─── Supplied data

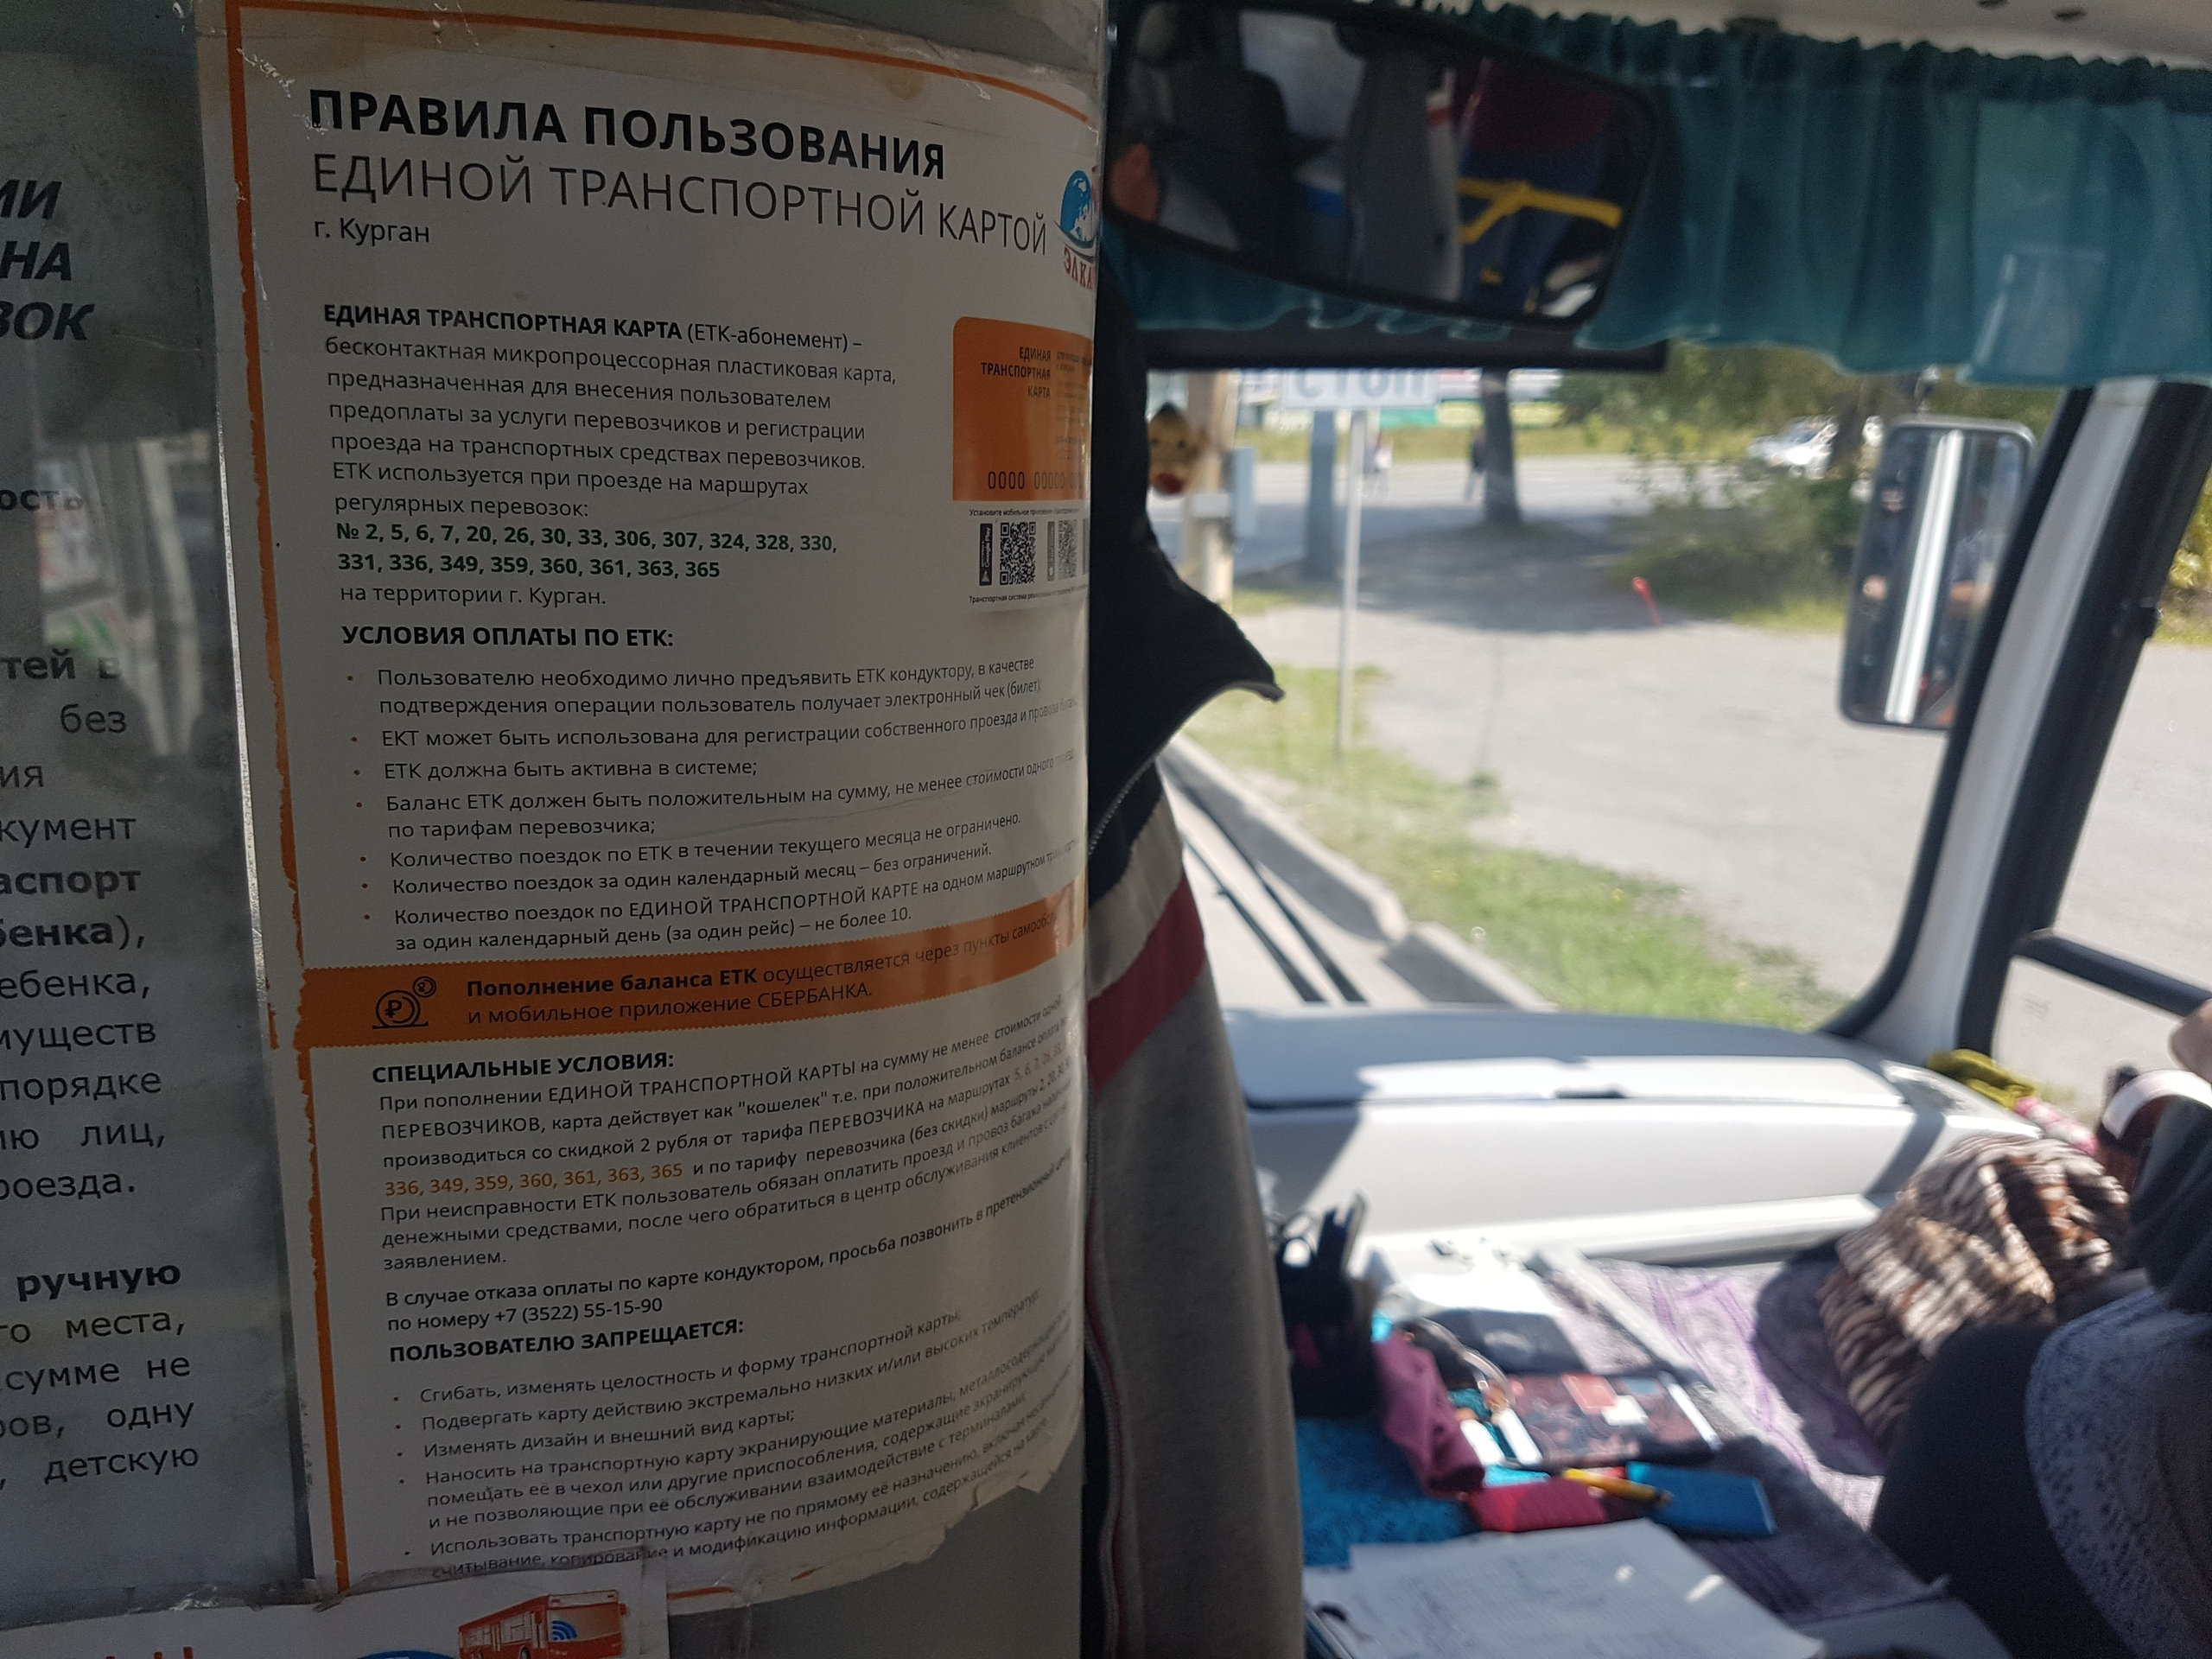 В Кургане перевозчики активно внедряют электронные системы оплаты проезда
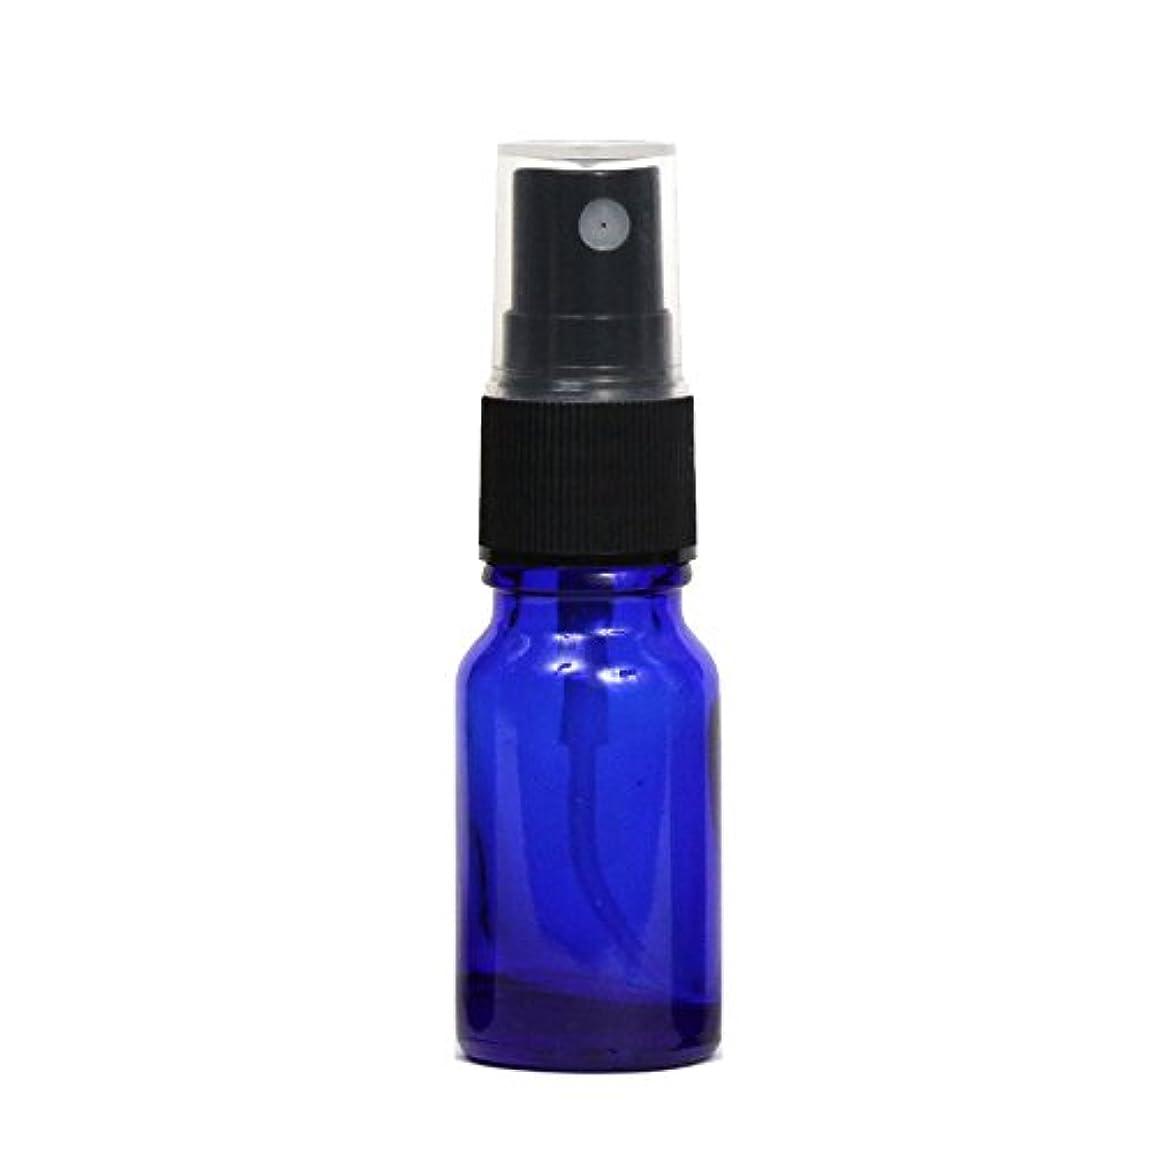 助言する晴れストライドスプレーボトル ガラス瓶 10mL 遮光性ブルー ガラスアトマイザー 空容器
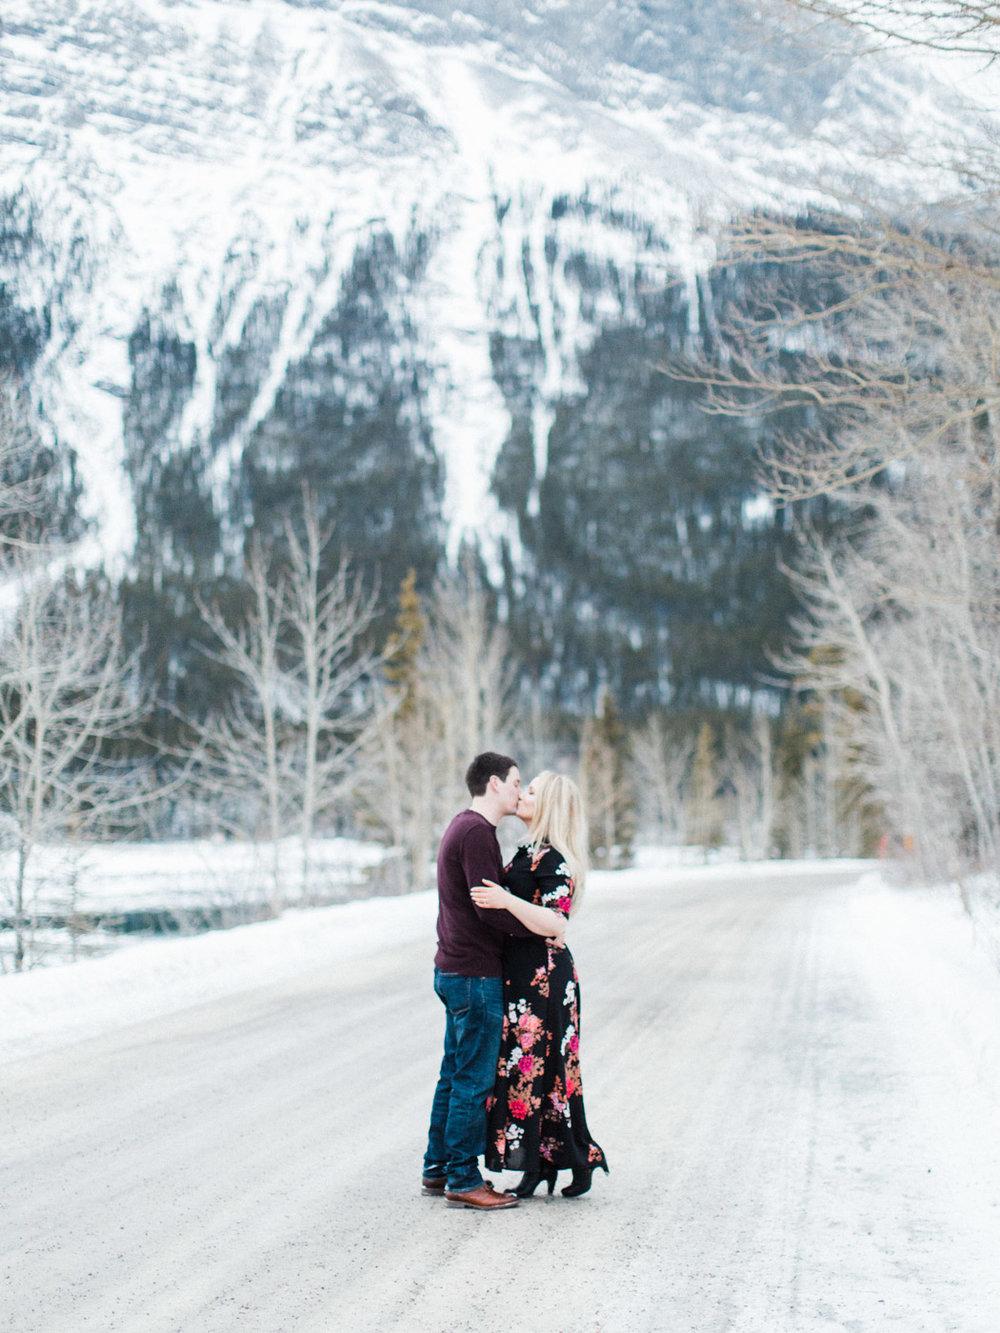 destination-engagement-photographer-adventurous-mountain-couples-session-79.jpg
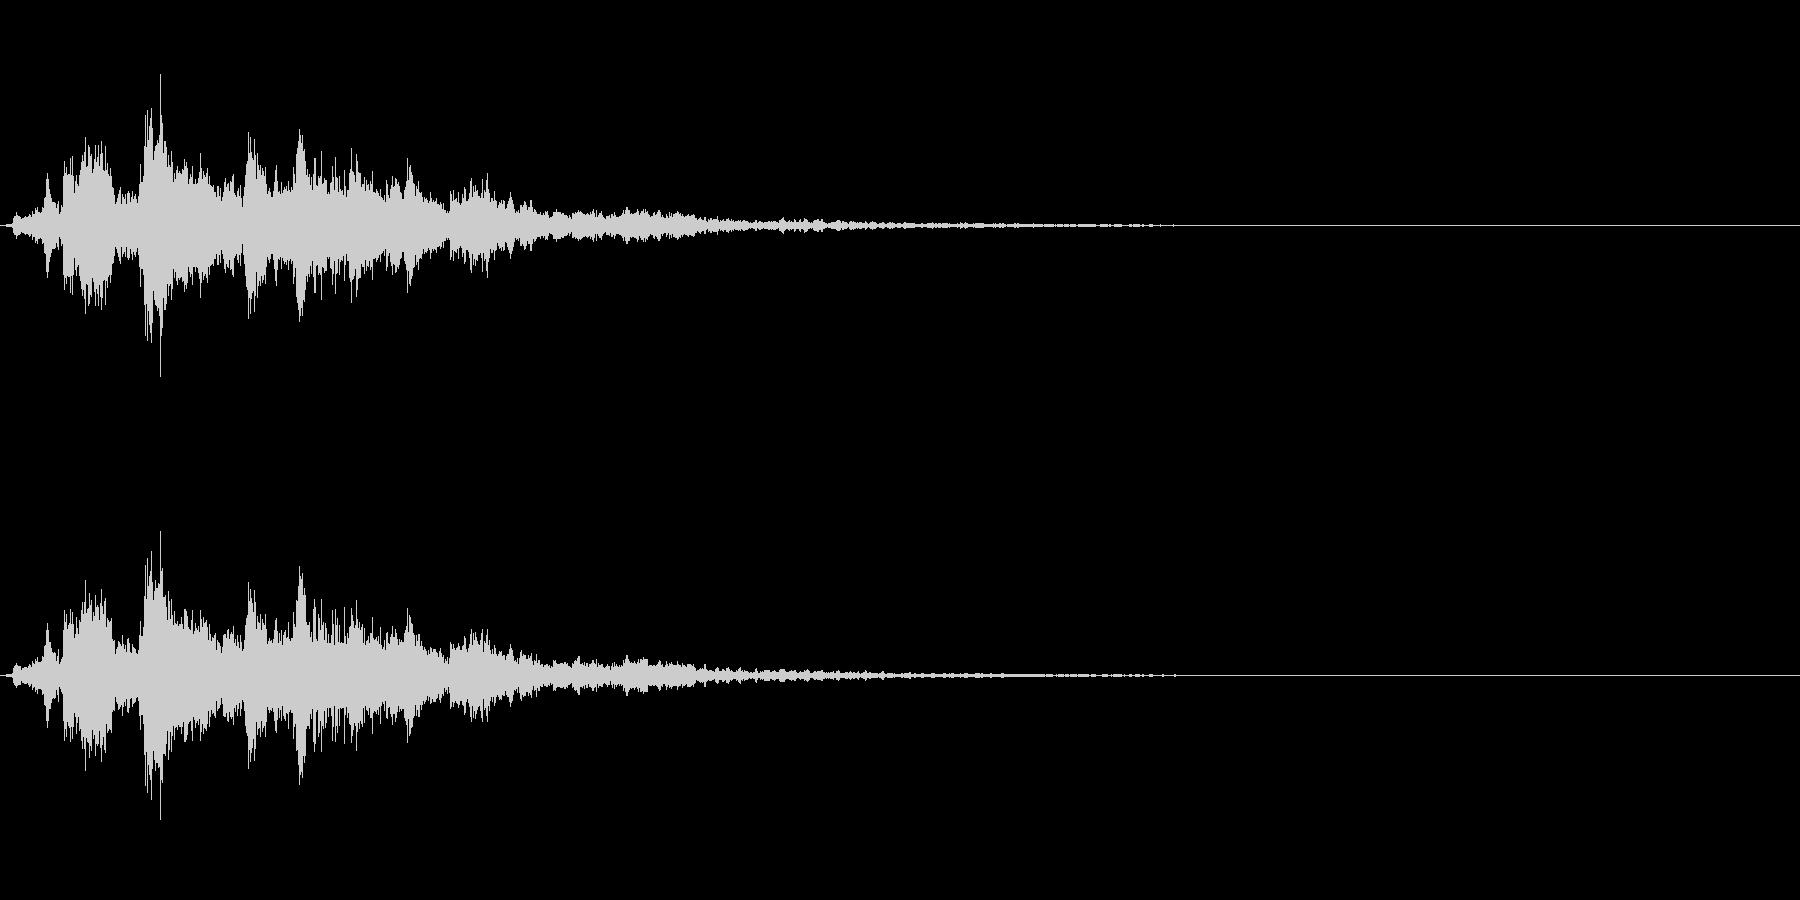 「シャシャシャン」ツリーベル音リバーブ入の未再生の波形

──────

Your instructions: For the data above, return an exact copy that contains no pictures.

Task result:
 В Кургане перевозчики активно внедряют электронные системы оплаты проезда
 助言する晴れストライドスプレーボトル ガラス瓶 10mL 遮光性ブルー ガラスアトマイザー 空容器
 destination-engagement-photographer-adventurous-mountain-couples-session-79.jpg
 「シャシャシャン」ツリーベル音リバーブ入の未再生の波形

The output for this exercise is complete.